Dataset extract:
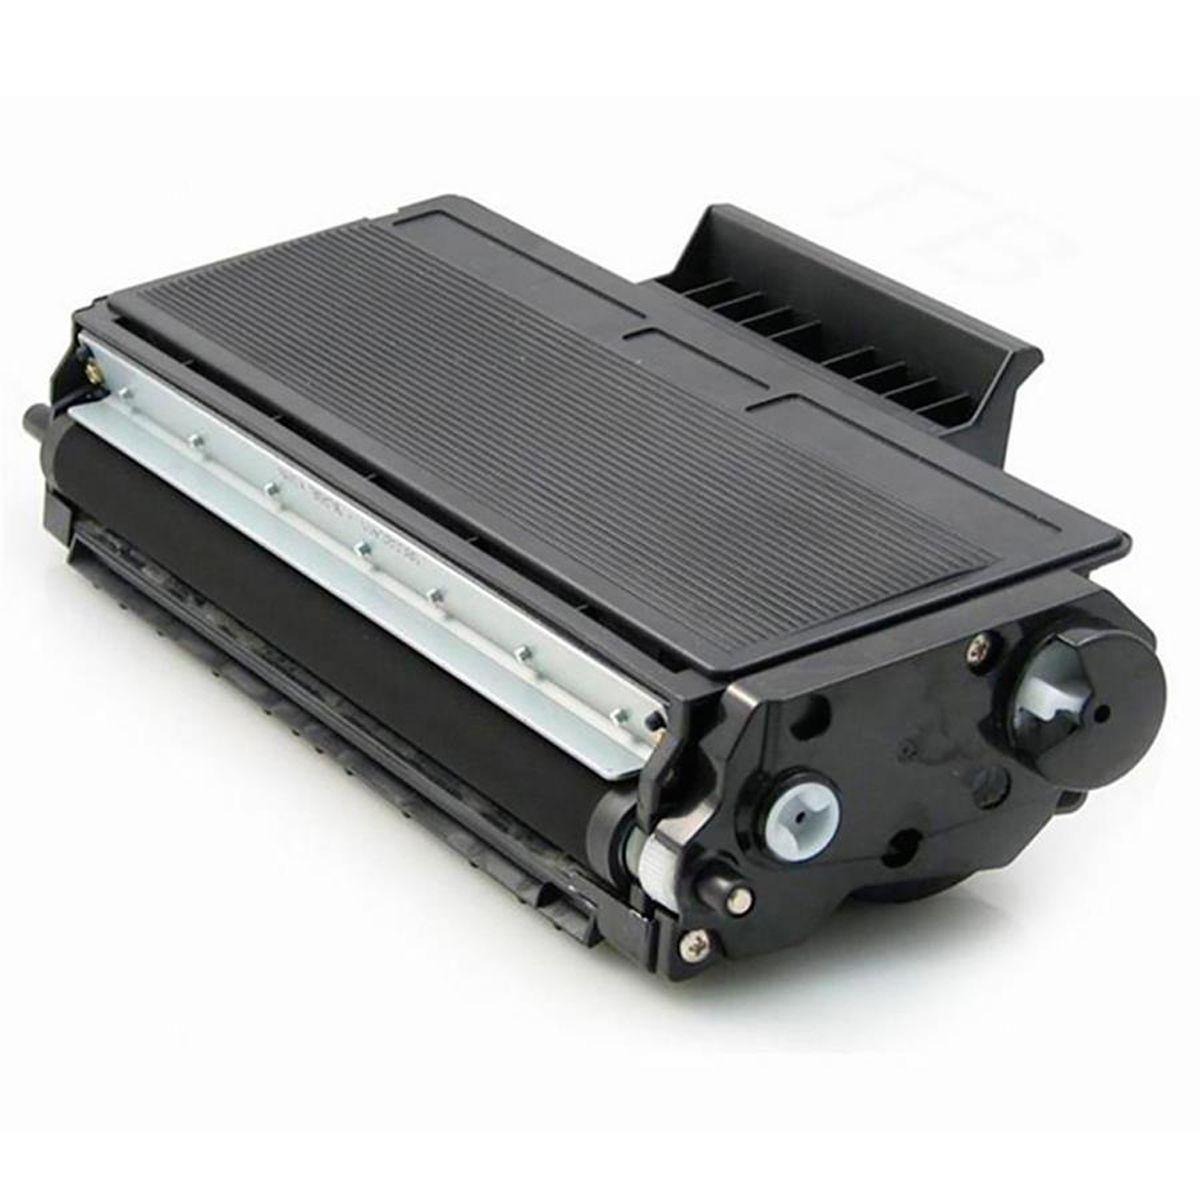 Toner Brother TN650 TN580 - HL5340D HL5370DW HL5380D MFC8480DN DCP8080 DCP8085 - Compatível - 8k
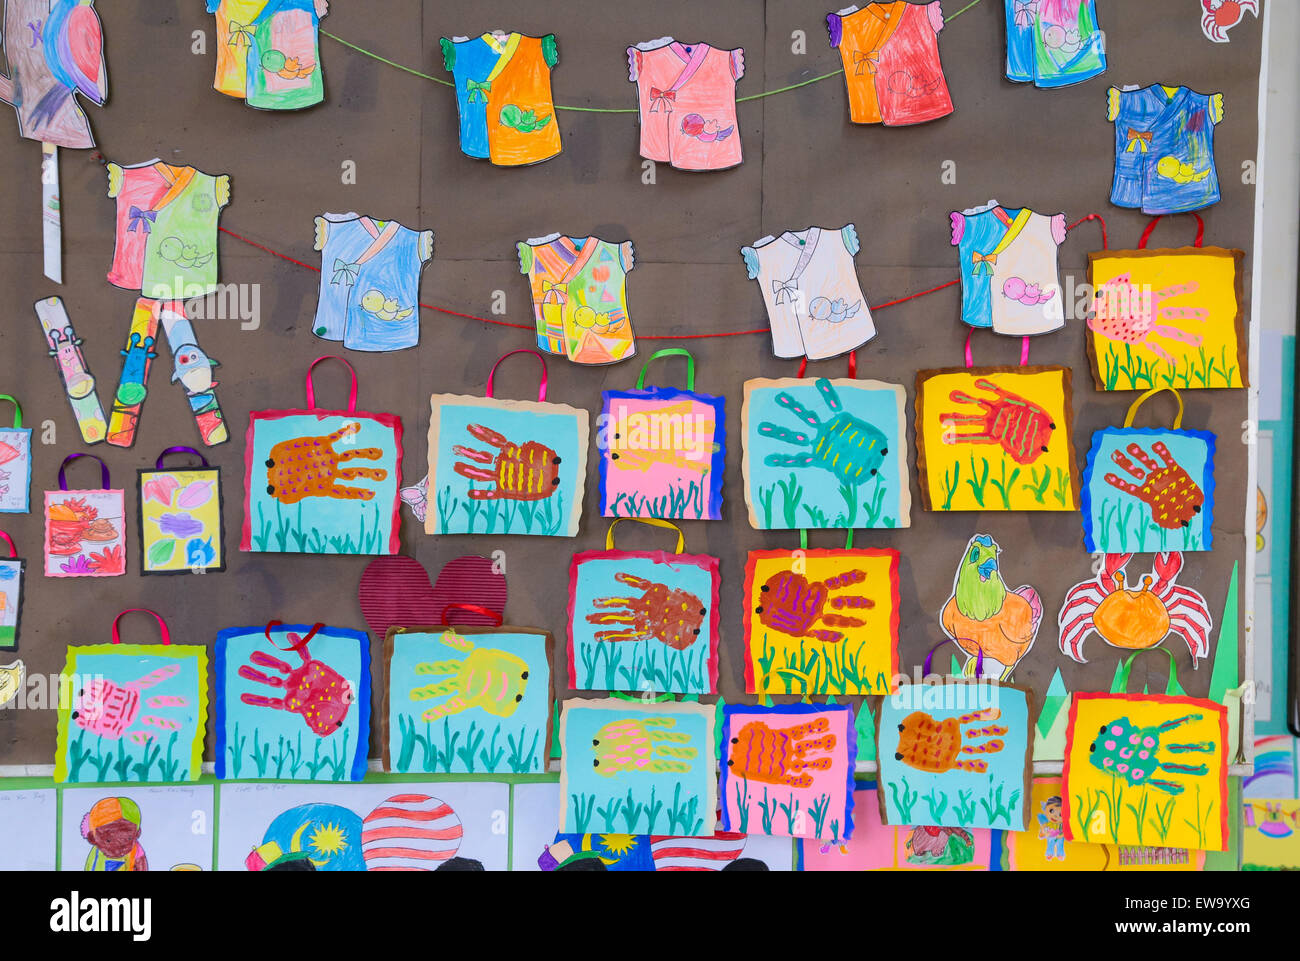 Children Handicrafts Displayed At Kindergarten Art And Handiwork Corner
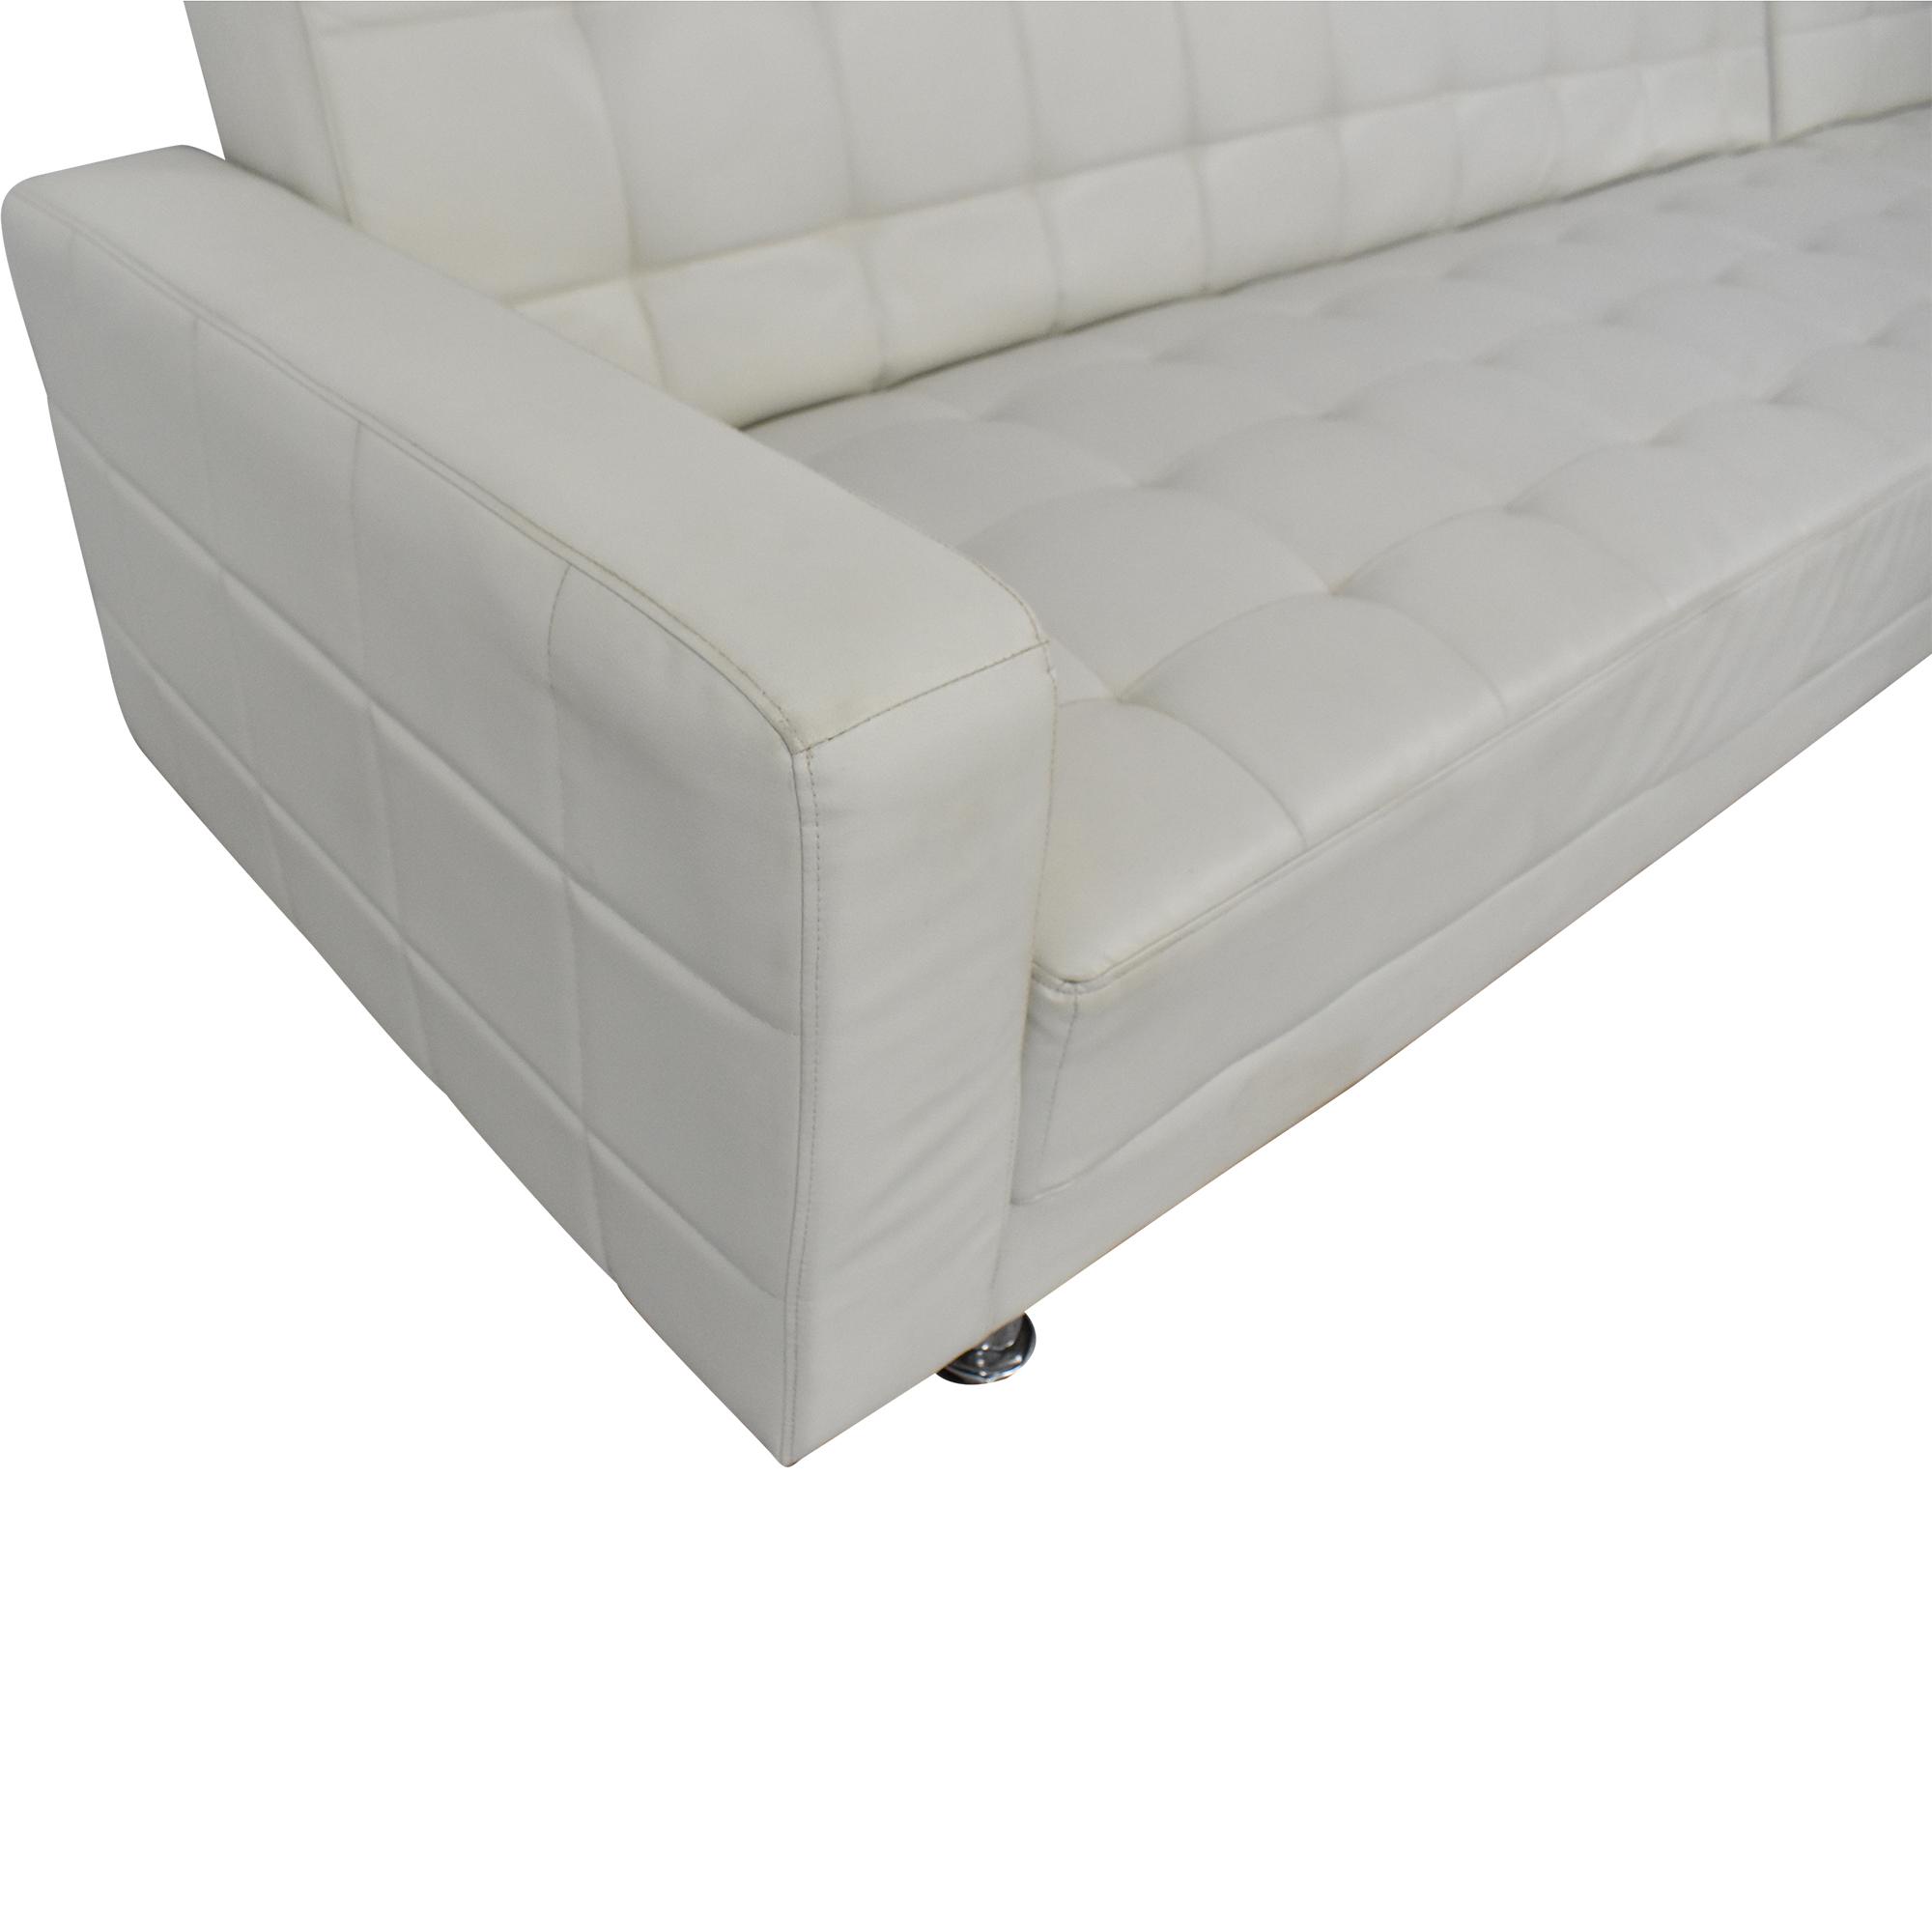 Wayfair Wayfair Spirit Lake Sleeper Sectional Sofa on sale

Work task: Reproduce the whole listing above character for character; pictures do not belong in it.

Exercise answer:
 Toner Brother TN650 TN580 - HL5340D HL5370DW HL5380D MFC8480DN DCP8080 DCP8085 - Compatível - 8k
 Children Handicrafts Displayed At Kindergarten Art And Handiwork Corner
 Wayfair Wayfair Spirit Lake Sleeper Sectional Sofa on sale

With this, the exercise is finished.